## HOW TO COMPLETE THIS TASK
After locating the line that contains "Octavia Modern Calligraphy", transcribe exactly that line and each one after it until the data ends, skipping pictures.

## GIVEN DATA
==========

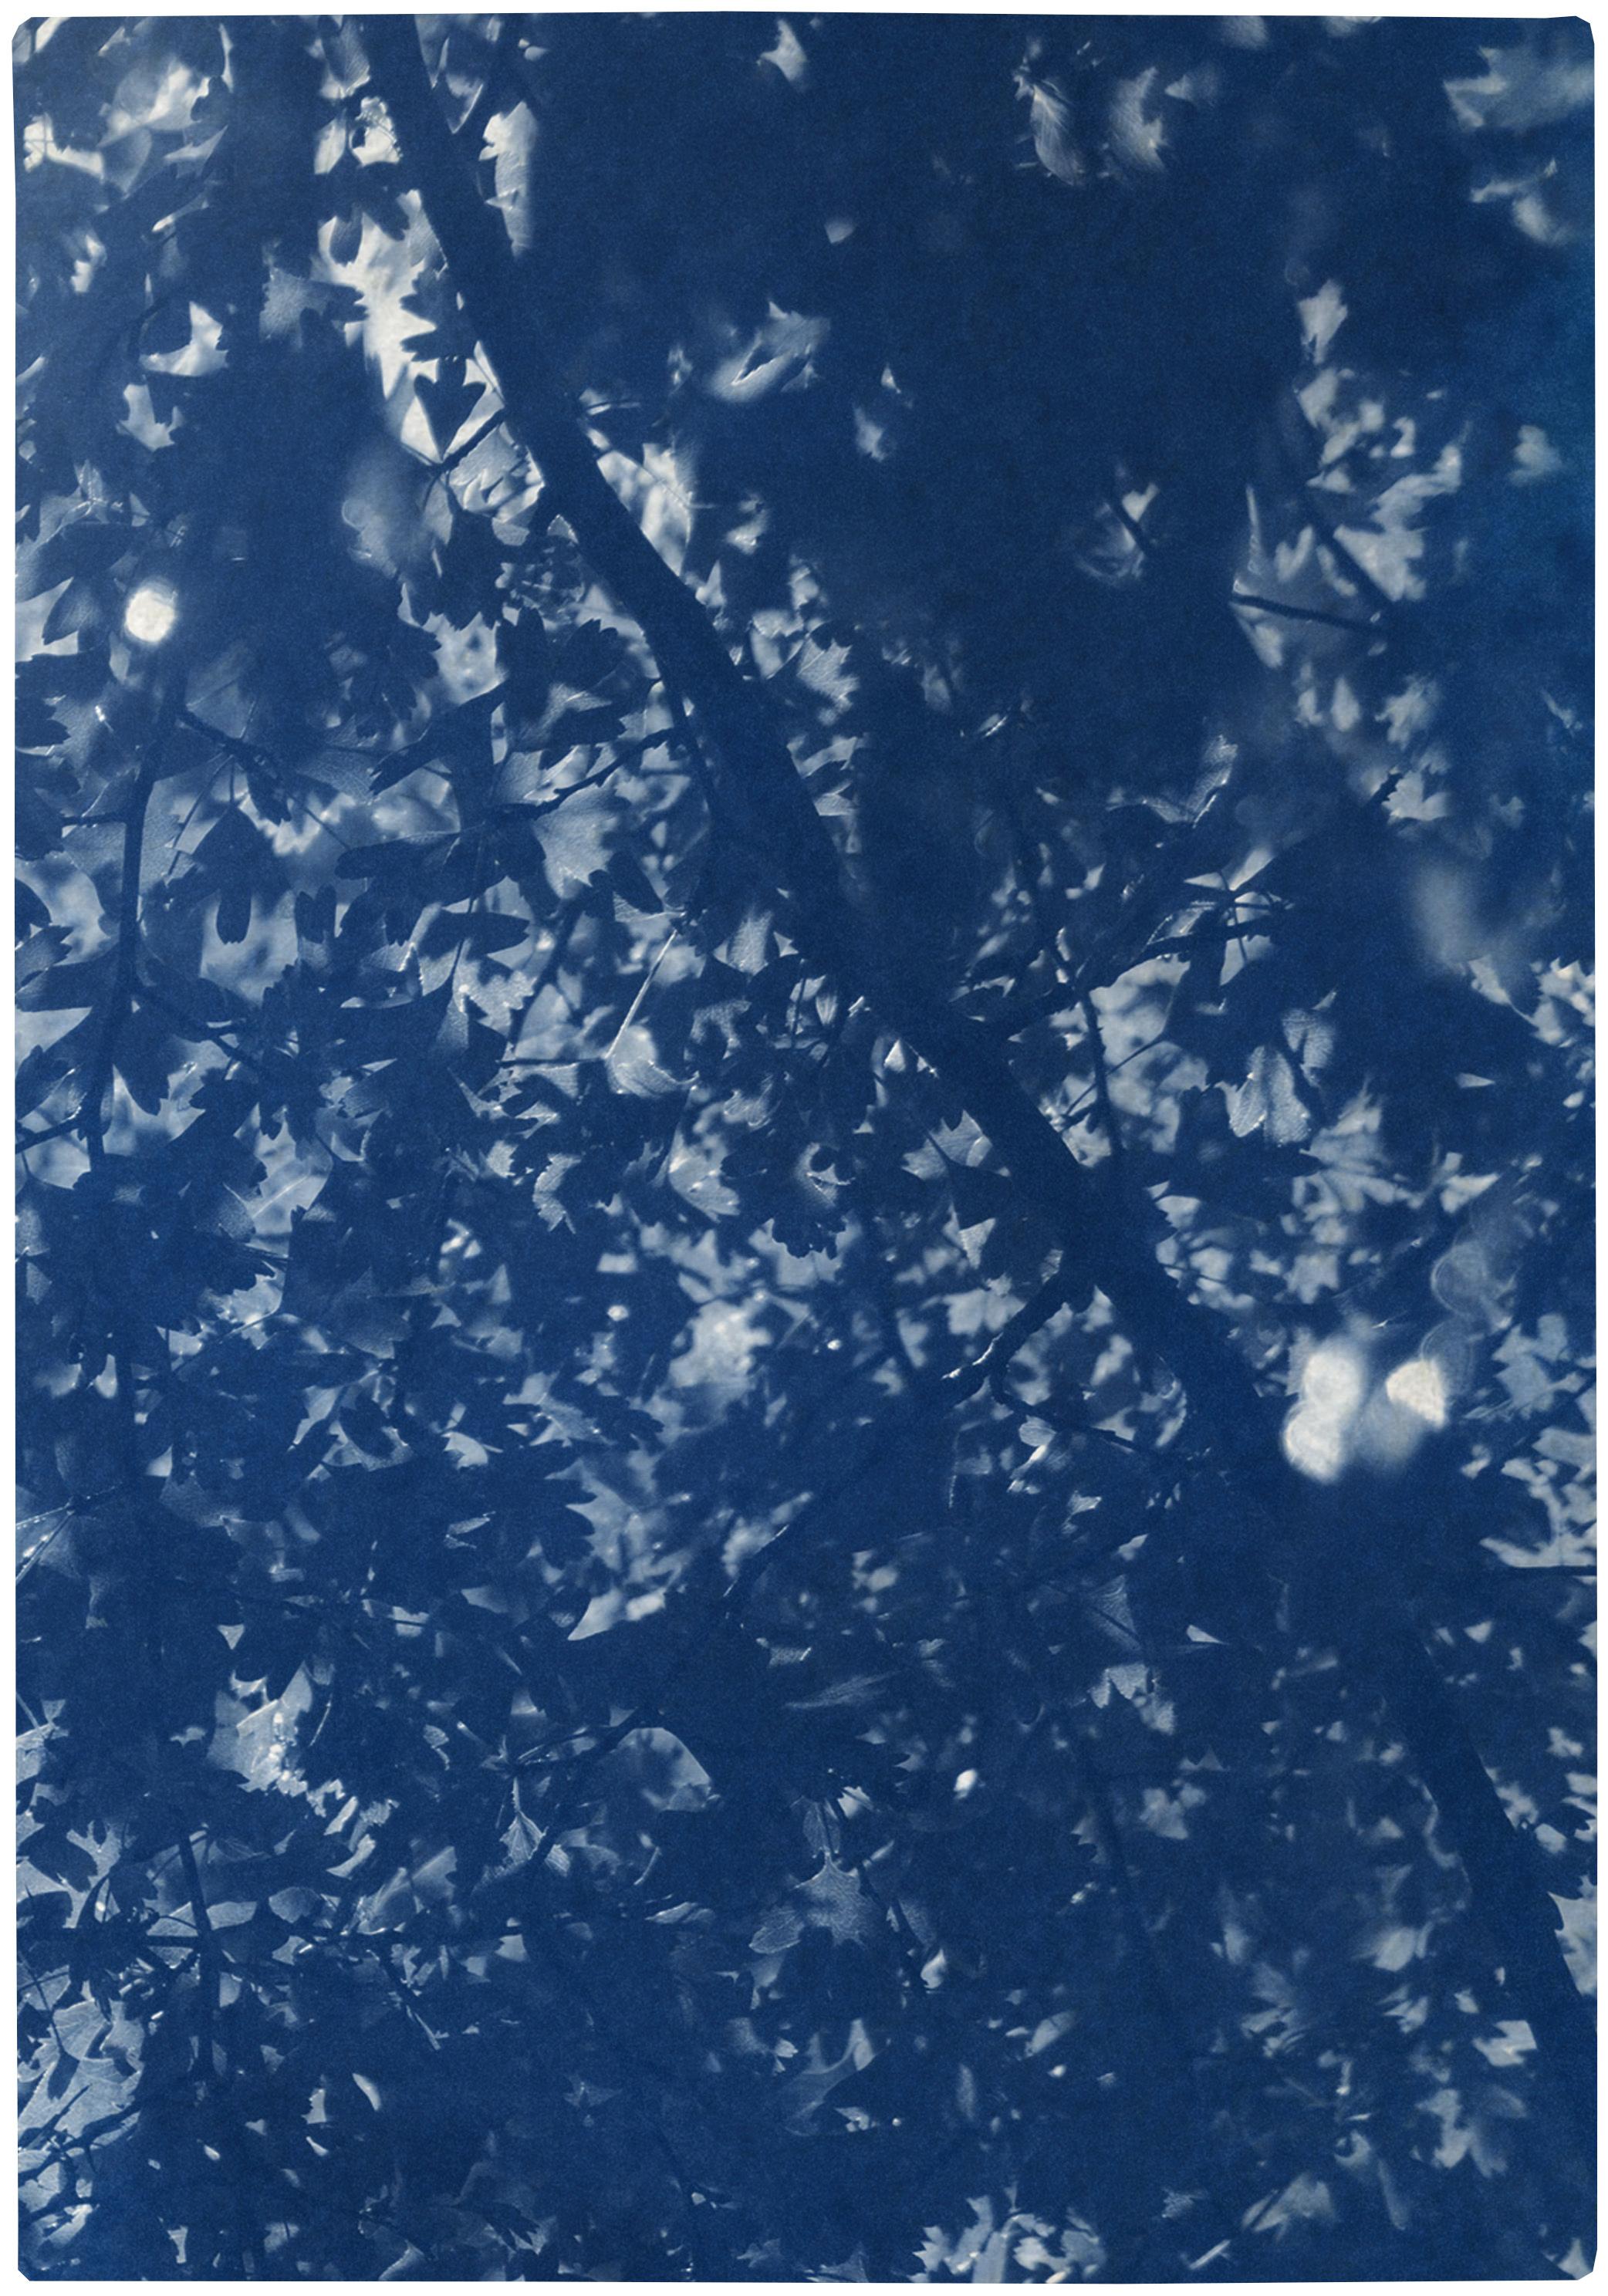 Sunlight Through Forest Branches, Blue Tones Triptych, Botanical Cyanotype Print 3
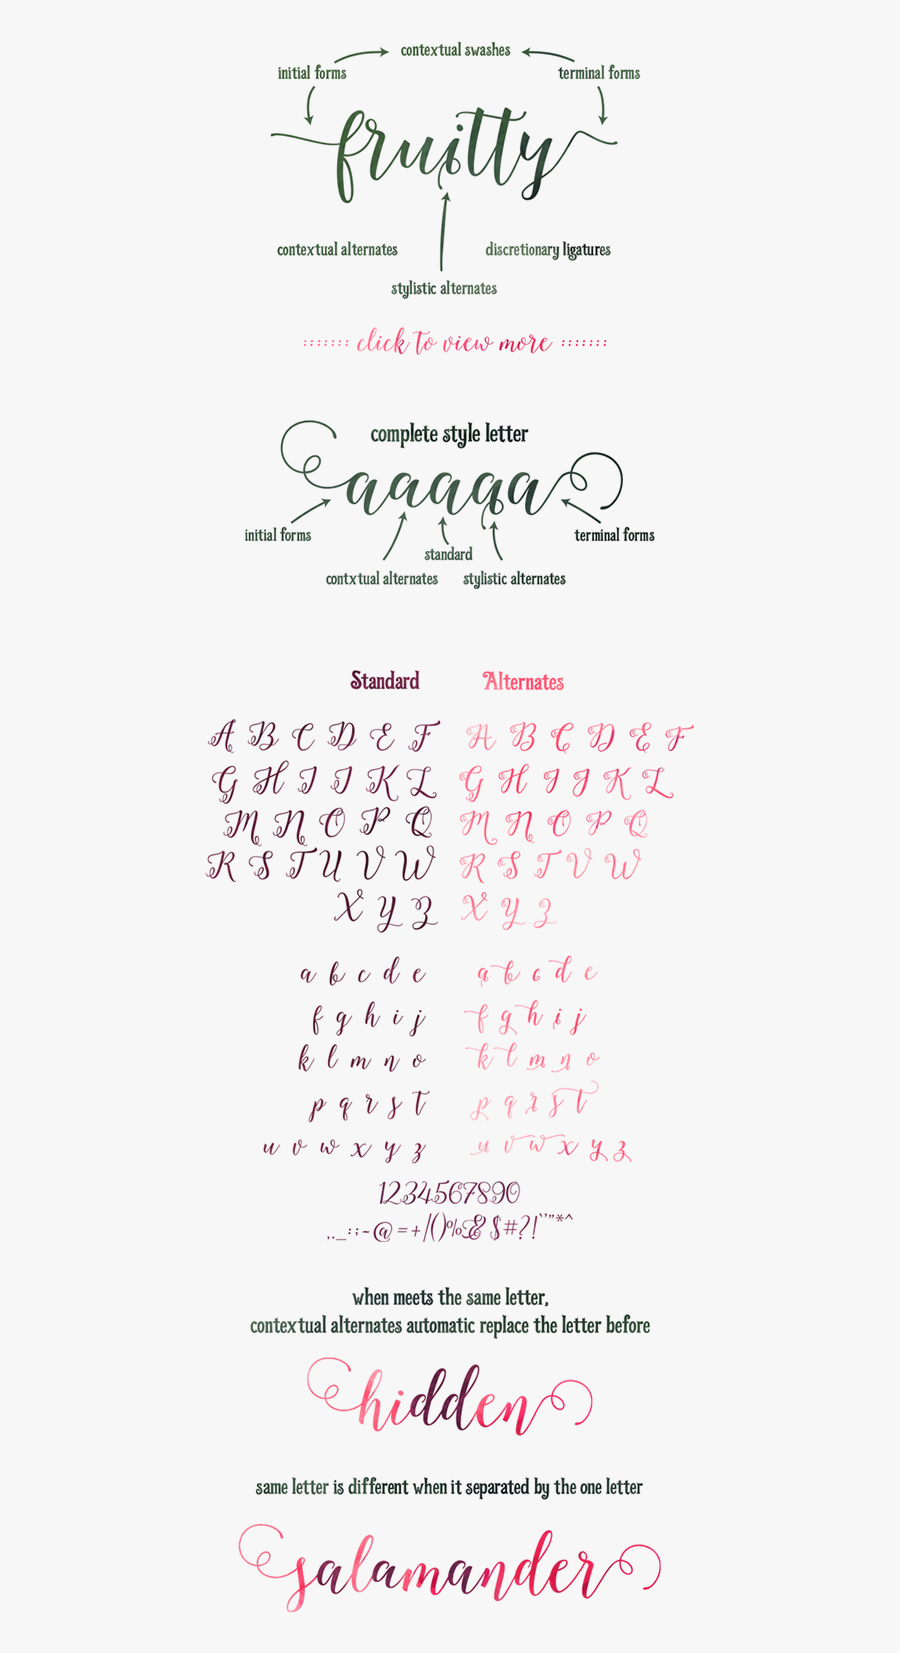 Octavia Modern Calligraphy Typefaces - Modern Vs Classic Calligraphy, Transparent Clipart
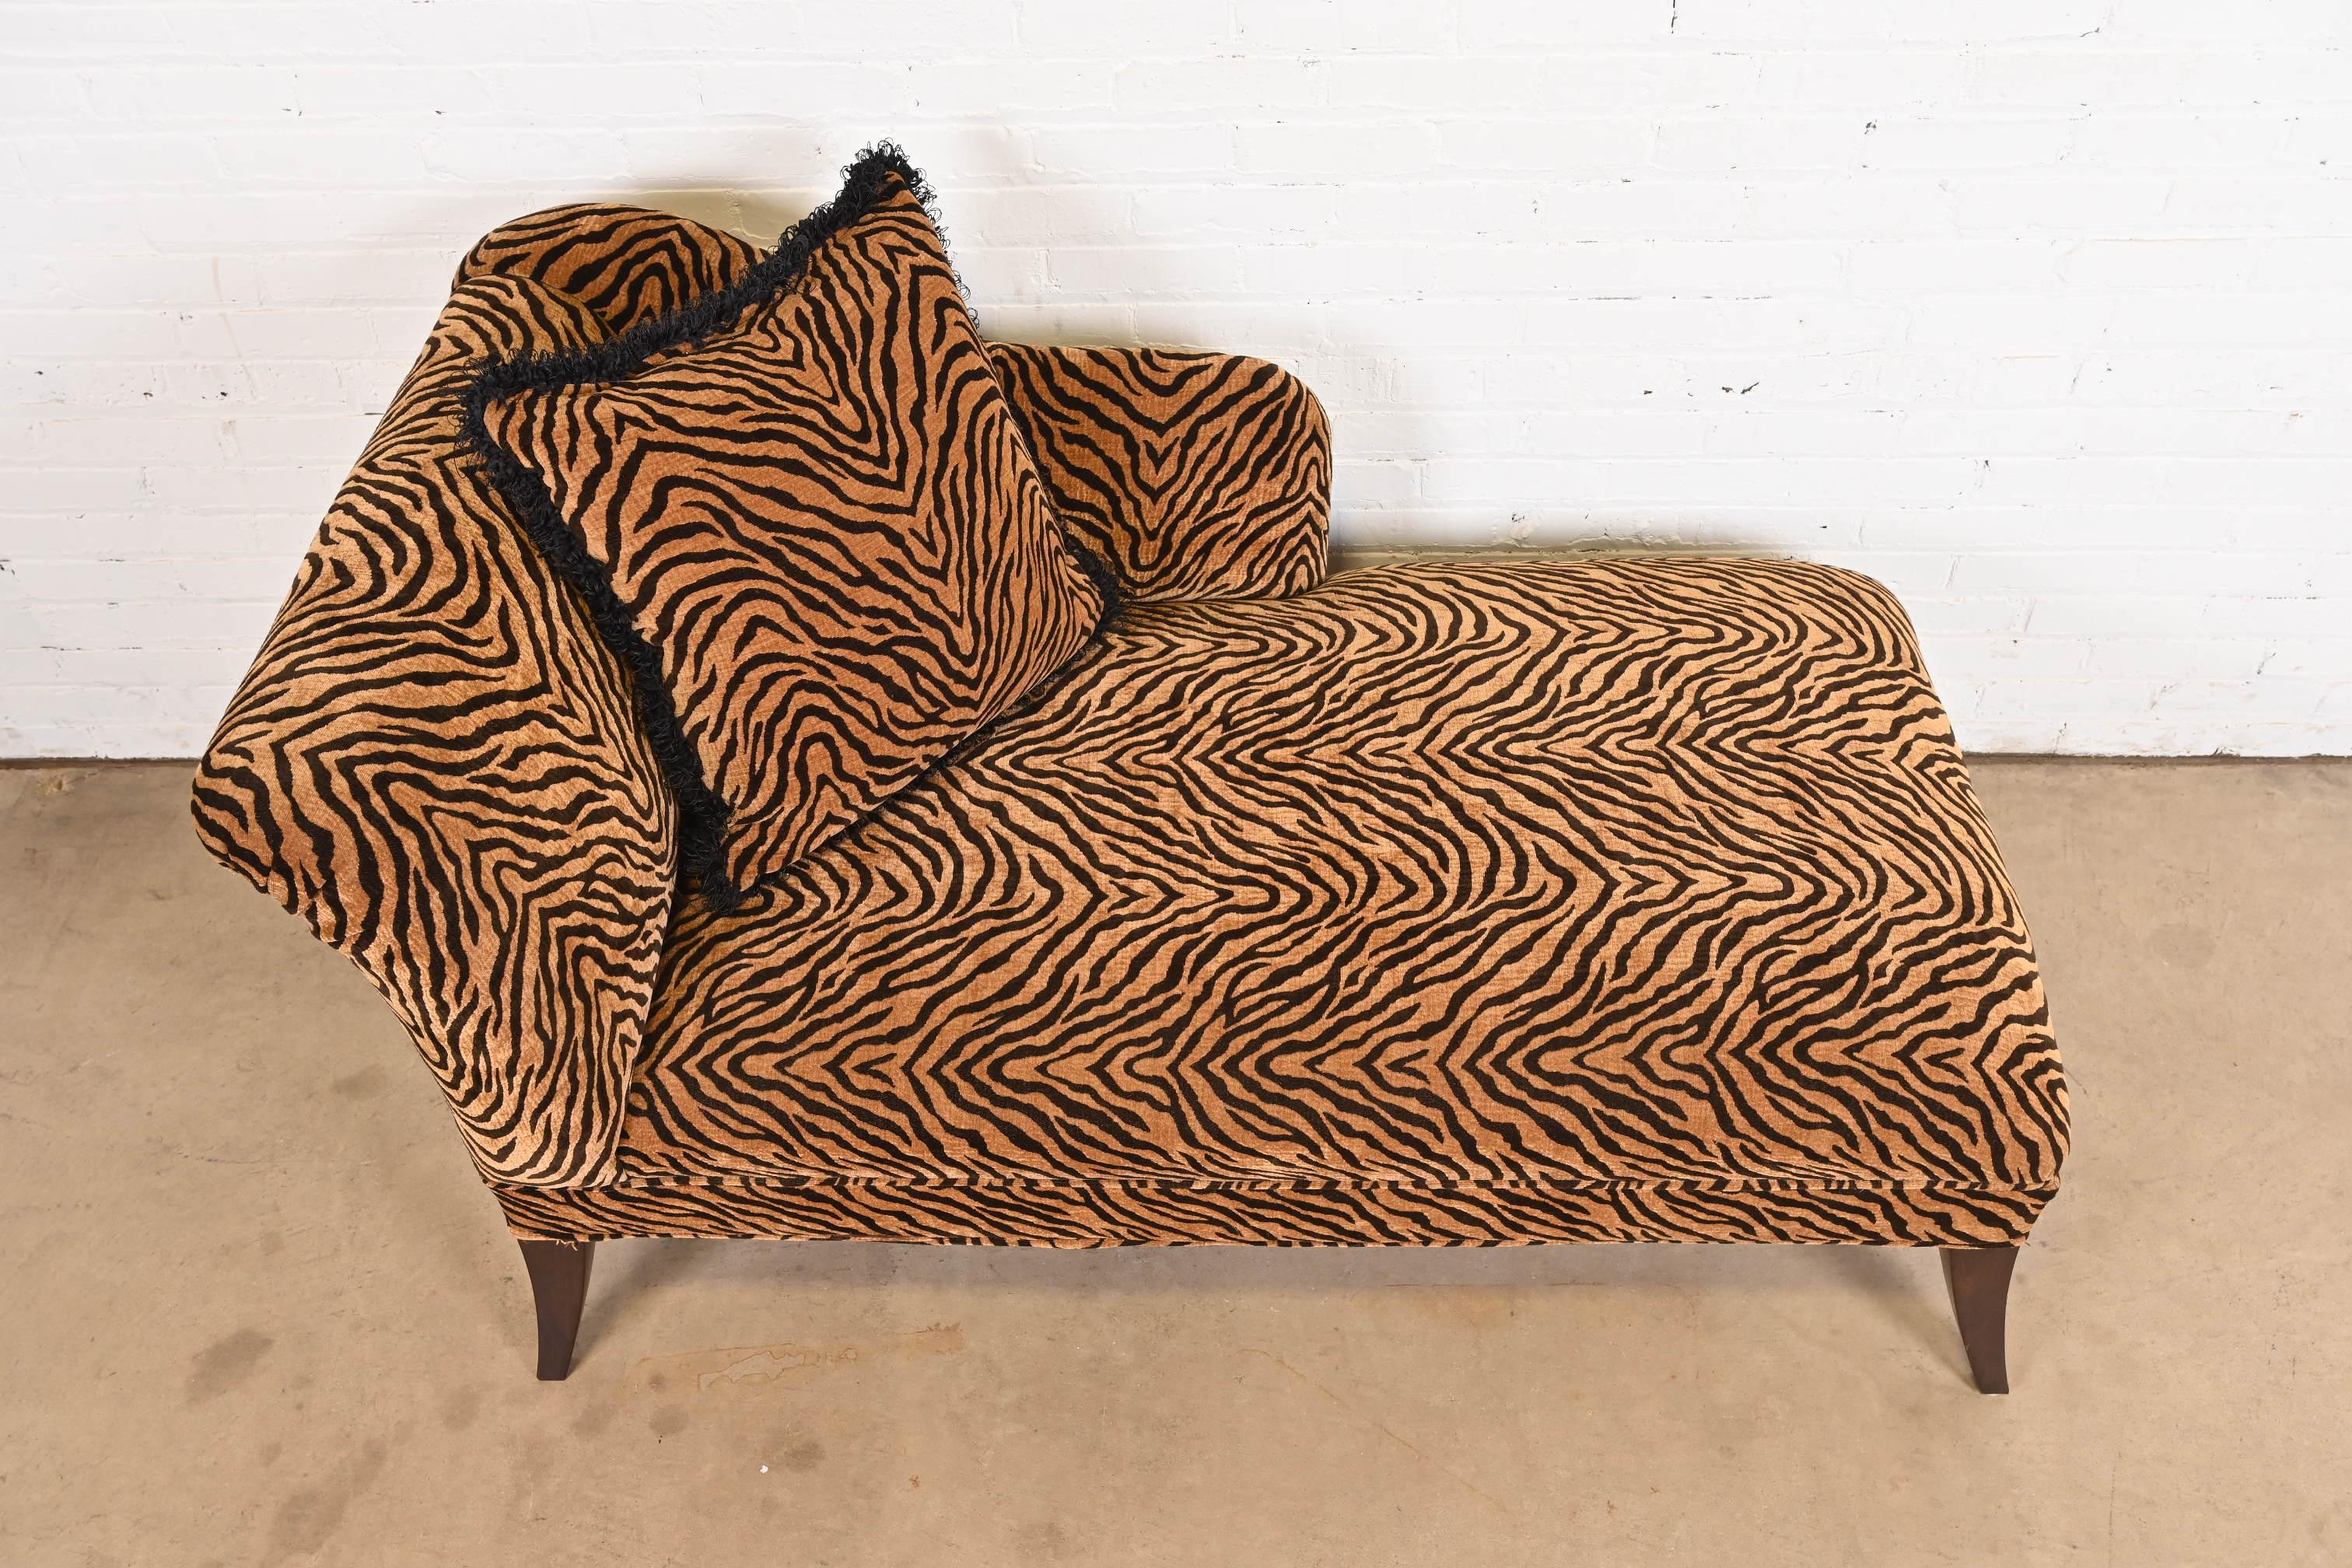 20th Century French Regency Tiger Print Upholstered Chaise Lounge For Sale

==========

## ANSWER AREA
 Octavia Modern Calligraphy Typefaces - Modern Vs Classic Calligraphy, Transparent Clipart
 20th Century French Regency Tiger Print Upholstered Chaise Lounge For Sale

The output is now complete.